Thrawn's Revenge
Off Topic => Star Wars Discussion => Topic started by: Pentastar Enforcer on January 29, 2018, 01:11:42 PM
-
I know what/how Hyperspace travel is/works, you get a ship with a hyperdrive and a navicomputer, you calculate your coordinates and boom everything turns into blue and white pretty lines. My question is on the specifics of how fast hyperspace travel is and how long it takes to travel in the sense of averages, and if it's been actually put down to numbers yet.
I'm assuming that they leave hyperspace travel to pure fantasy, as trips can take seconds to days it seems, Yavin IV to Scarif was nothing, but Hoth to Dagobah looked like it took a bit, etc. Let's not bother with Parsecs cause that's a unit of distance. But yeah, has there been much science put behind it at all? Curious is all.
-
everything turns into blue and white pretty lines
To be precise, the ship goes into another dimension.
My question is on the specifics of how fast hyperspace travel is and how long it takes to travel in the sense of averages, and if it's been actually put down to numbers yet.

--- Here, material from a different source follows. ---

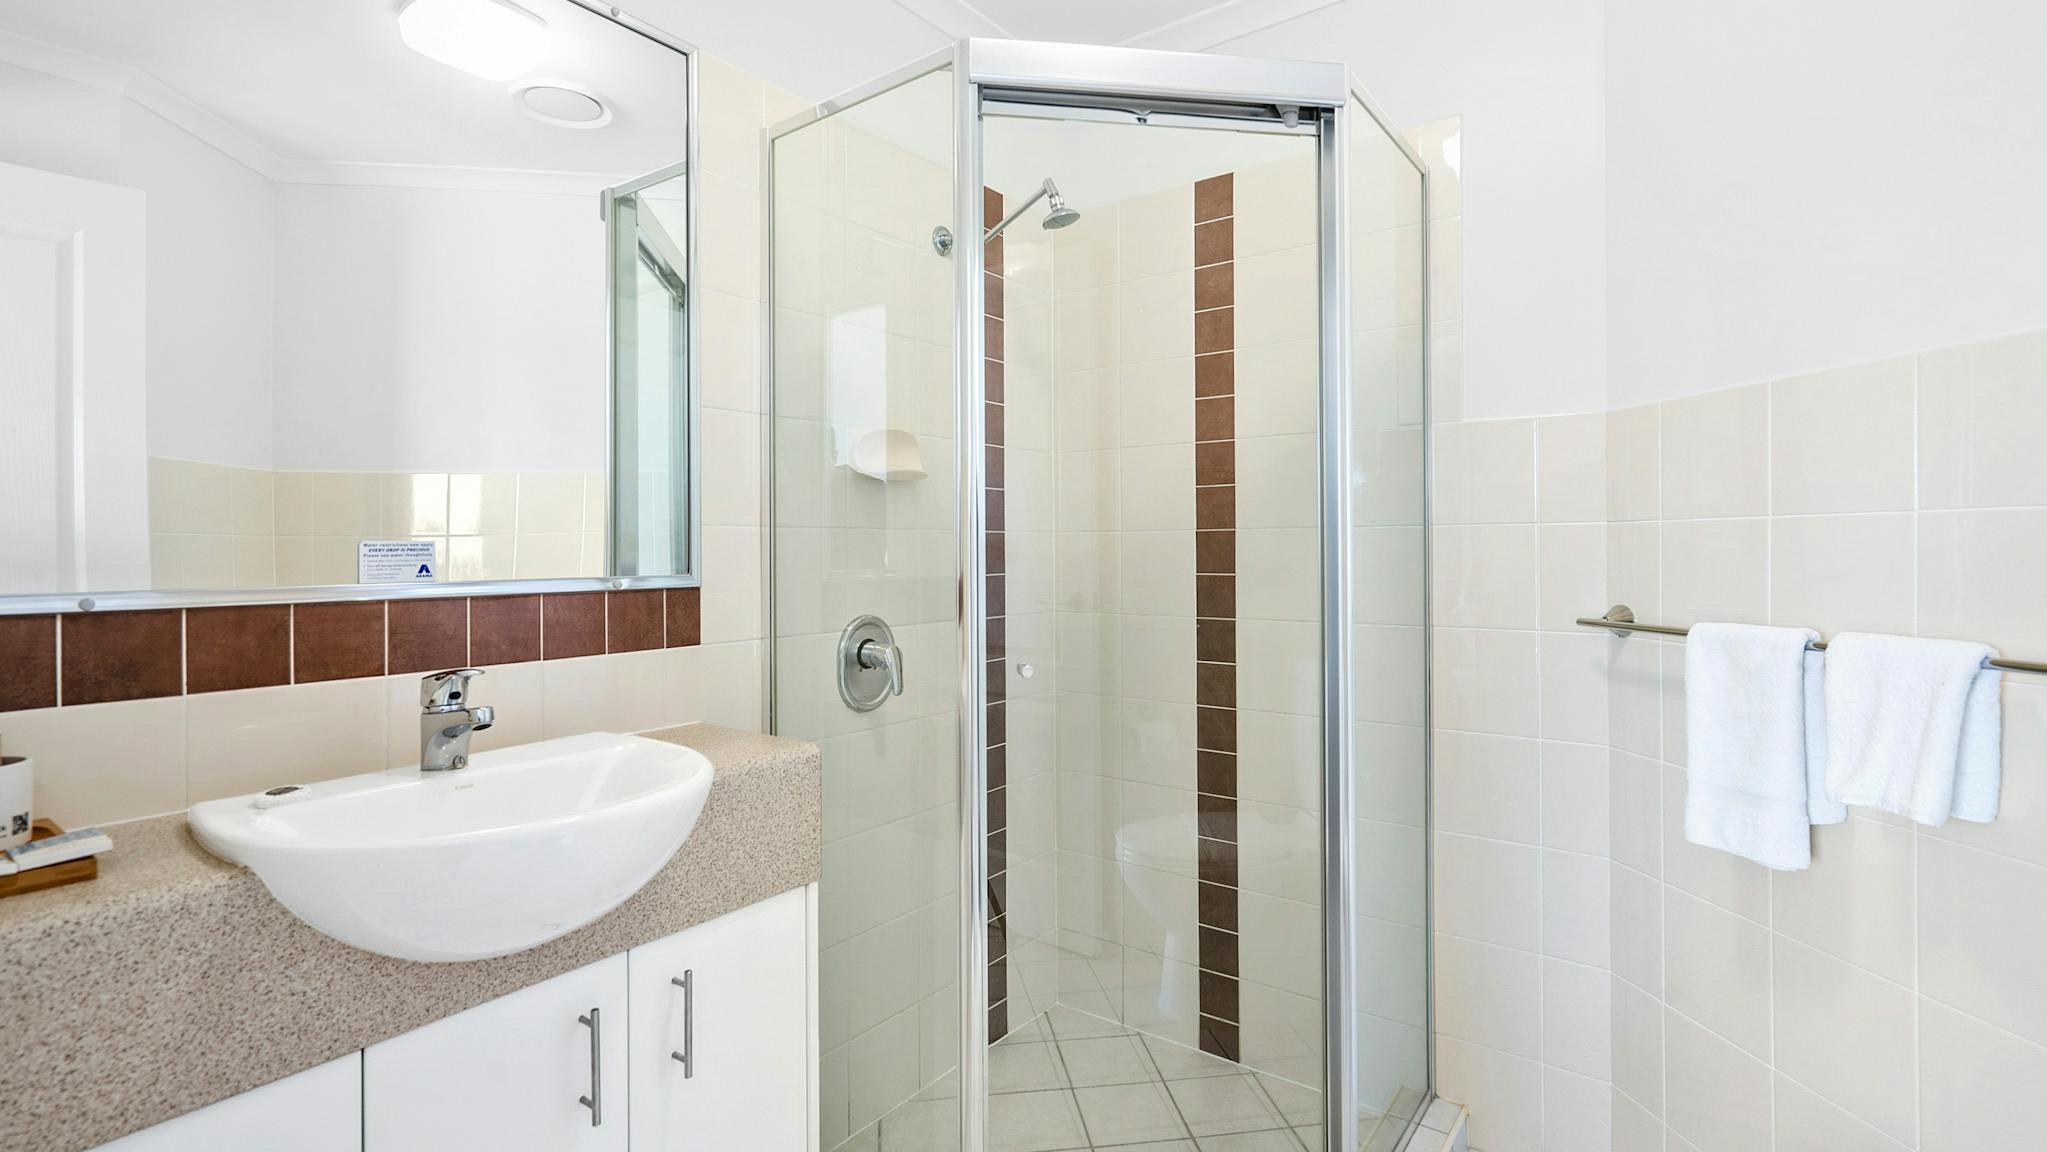 Studios and Master's all have walk-in showers in their configuration
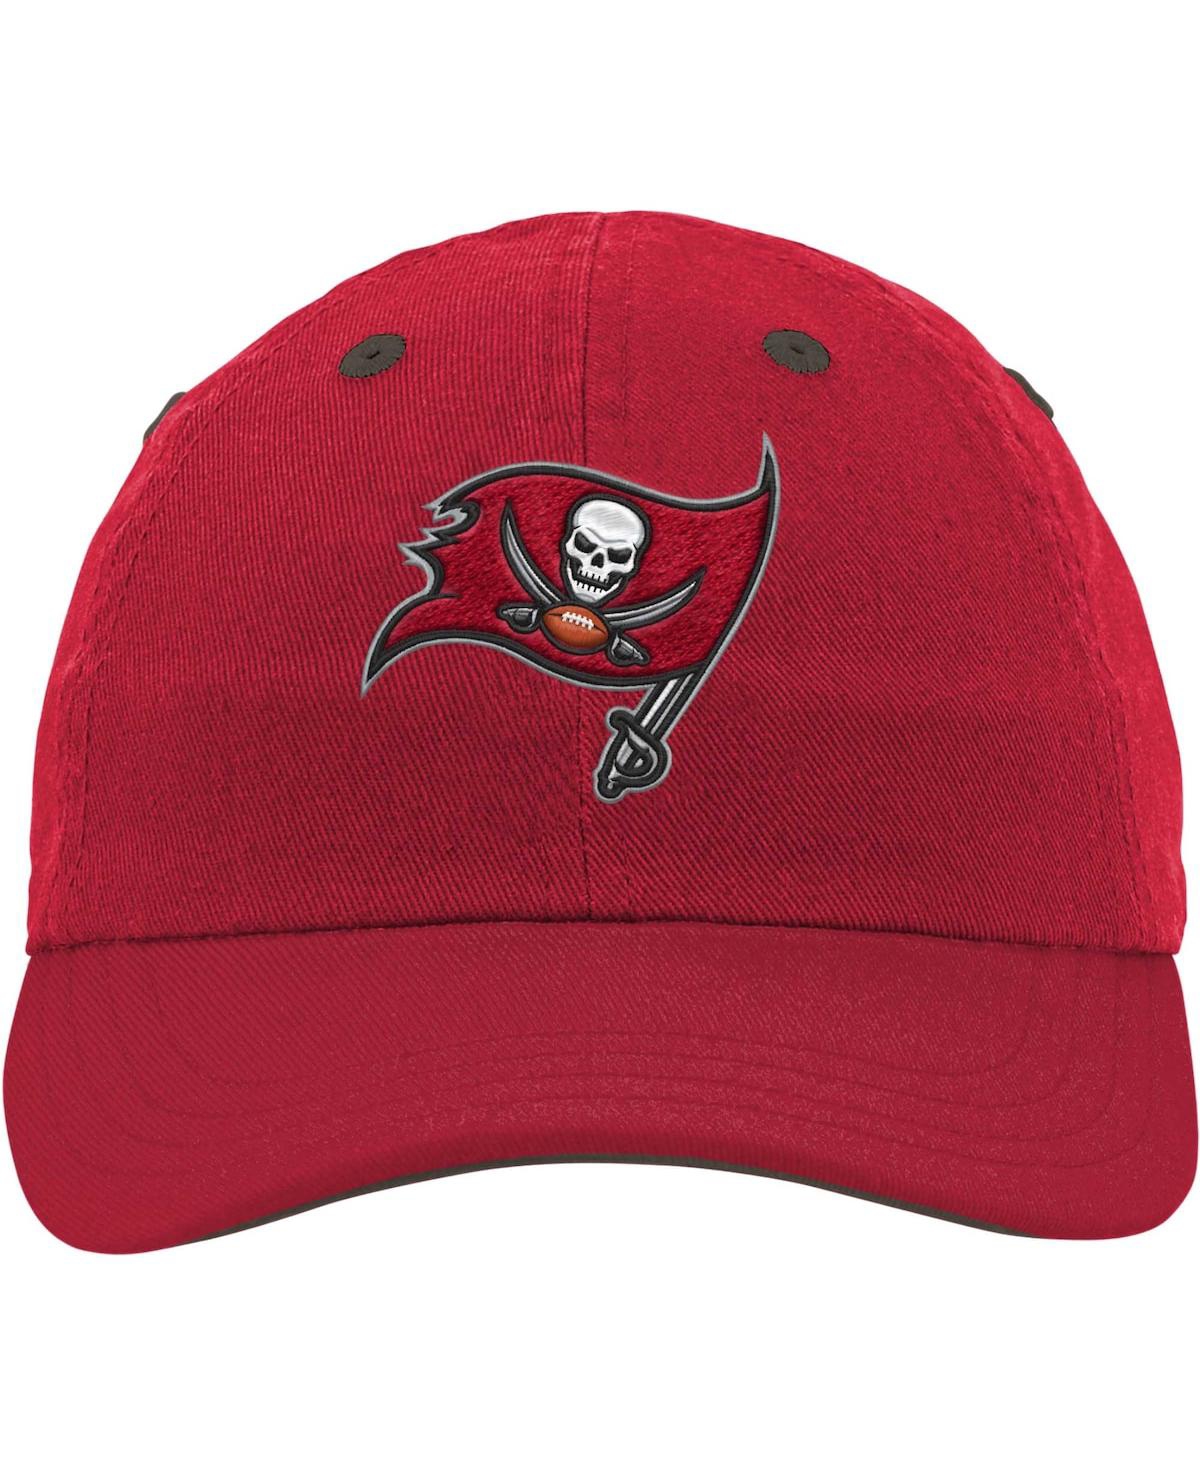 Shop Outerstuff Boys And Girls Infant Red Tampa Bay Buccaneers Team Slouch Flex Hat

No, each author chose as it fits the best his story but some sources can quote things possible/impossible, but nobody sorted something out from them.
-
Well as long as I can go .5 past lightspeed I'll be happy ;)
-
Was it ever talked about in the novels of the science behind hyperspace travel
-
Was it ever talked about in the novels of the science behind hyperspace travel
Nope. In fairness, few sci-fi franchises delve into the depths of their FTL systems, for the simple reason that they are all fantasy: warp drive, hyperdrive, wormhole travel, quantum gates... as far as modern science is concerned, they may as well be alchemy 500 years ago. Some of the ideas sort of fit into either relativity or quantum mechanics, but for the most part they are simply plot devices, intended to move our protagonists from point A to point B so they can meet the antagonist at point C at the right time. So far as modern science is concerned, Star Wars hyperdrives are magic. Warp drives as presented in Star Trek are equally magical, and though the Alcubierre Drive makes a noble attempt at making them simply hypothetical such a drive still is reliant upon the hypothetical discovery of types of matter that may well not exist. The Expanse's Epstein drive is probably the most realistic "sci-fi engine" in modern sci-fi, but that's because it doesn't allow for FTL travel, it simply allows sublight travel to be done at economically-sustainable acceleration rates via a hyper-efficient ion engine (ion engines are already a real thing, though they are nowhere near Epstein-levels of efficiency).
Star Wars has always been high fantasy in space rather than hard sci-fi. Expecting it to live up to the demands of hard sci-fi series is a recipe for disappointment IMO.